The World Revolution That Wasn’t
The Comintern was founded on this day in 1919 to carry revolution around the world. We are only now recovering from the legacy of its failure.

Lenin and other party celebrate the second anniversary of the October Revolution in Moscow. Wikimedia Commons
The founding congress of the Communist International (“Comintern”) held in Moscow on March 2–6, 1919 began with grand ambitions. The meeting convened by Vladimir Lenin sought to unite the emerging Communist parties that had split from their Social Democratic progenitors into a powerful, centralized organization. Traumatized by the socialist movement’s failure to stop the horrors of World War I and inspired by the Bolsheviks’ decisiveness, the newly minted Communist movement believed world revolution was an immediate prospect that could lead humanity to its collective liberation.
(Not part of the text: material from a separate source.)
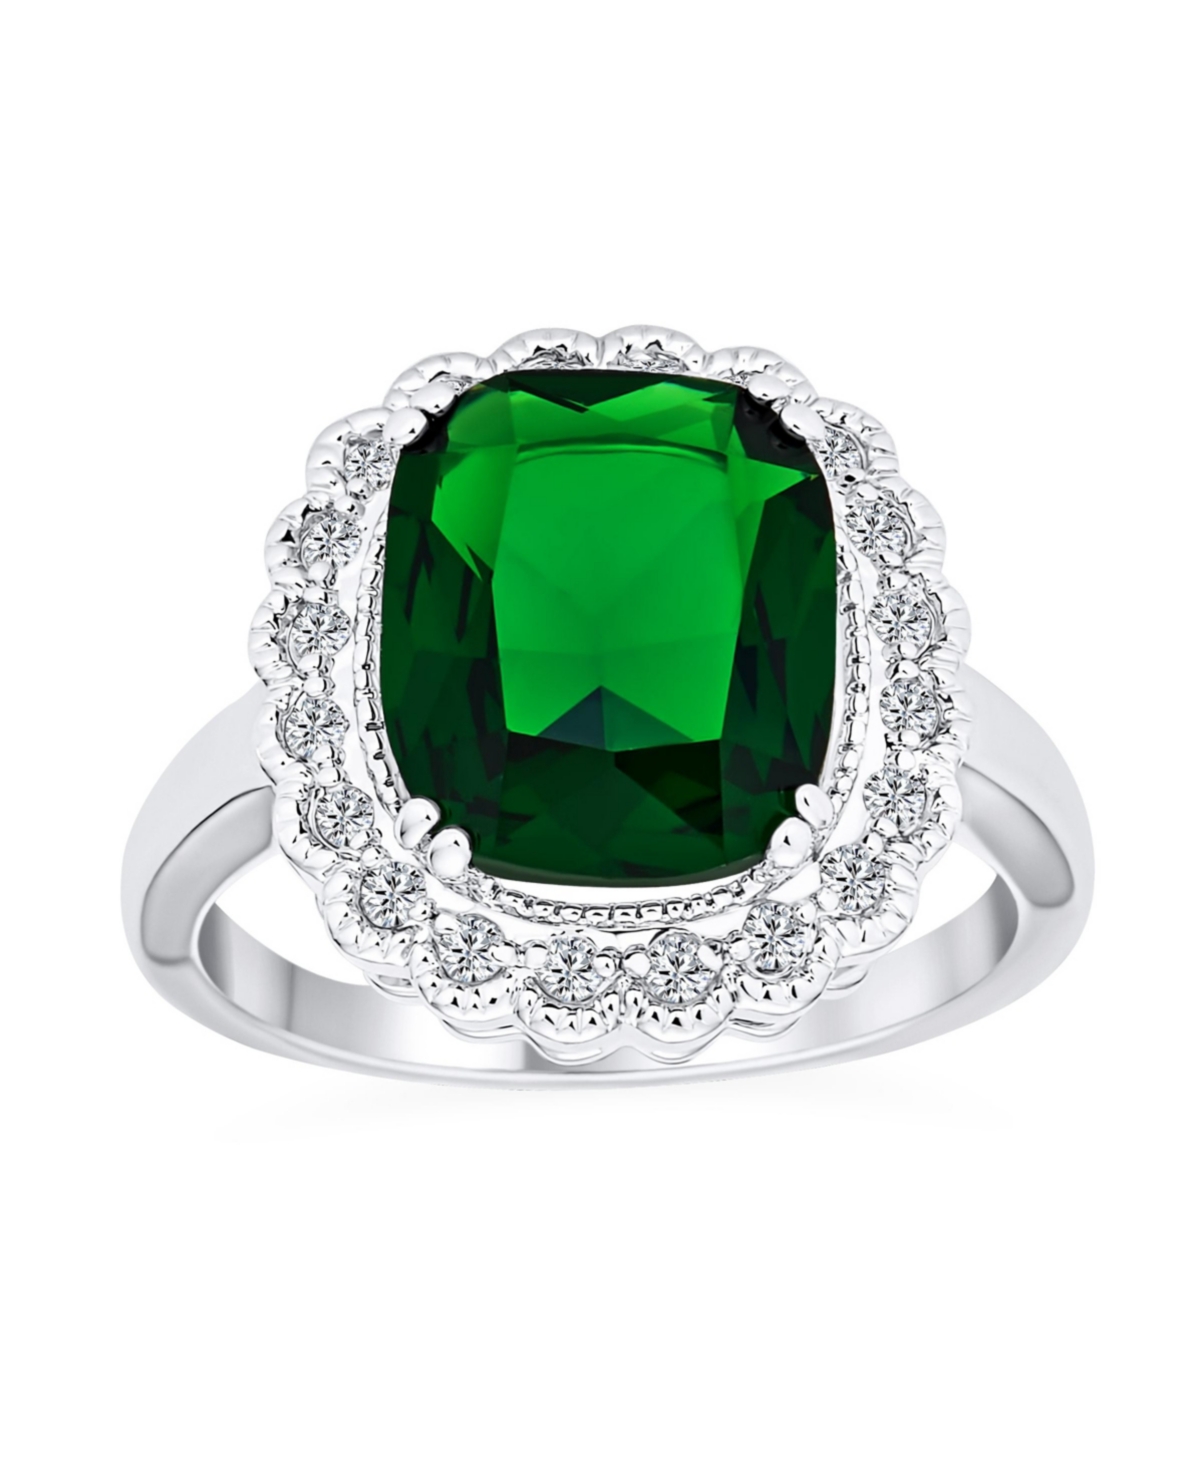 Fashion Rectangle Large Solitaire Aaa Cz Pave Simulated Green Emerald Cut Art Deco Style 10CT Cocktail Statement Ring For Women - Light

These Communists anticipated their coming victory within the space of just months. Practically unimaginable today, in 1919 socialist revolution in the advanced-capitalist world seemed not only possible but even likely. Indeed, for a brief moment the Comintern and the parties it united stood at the forefront of a power struggle unprecedented in scale and intensity. The International’s first four years of existence witnessed multiple uprisings and revolutions, socialist and other radical organizations exploded in size, and it appeared that the world could really be on the cusp of socialist transformation.
Yet the Communists failed to realize this transformation. The Soviet Union remained isolated and grew increasingly authoritarian and stagnant. When it met its end in 1991, its failure triggered neoliberal capitalism’s truly total globalization and the collapse of the international left as a powerful force able to oppose it.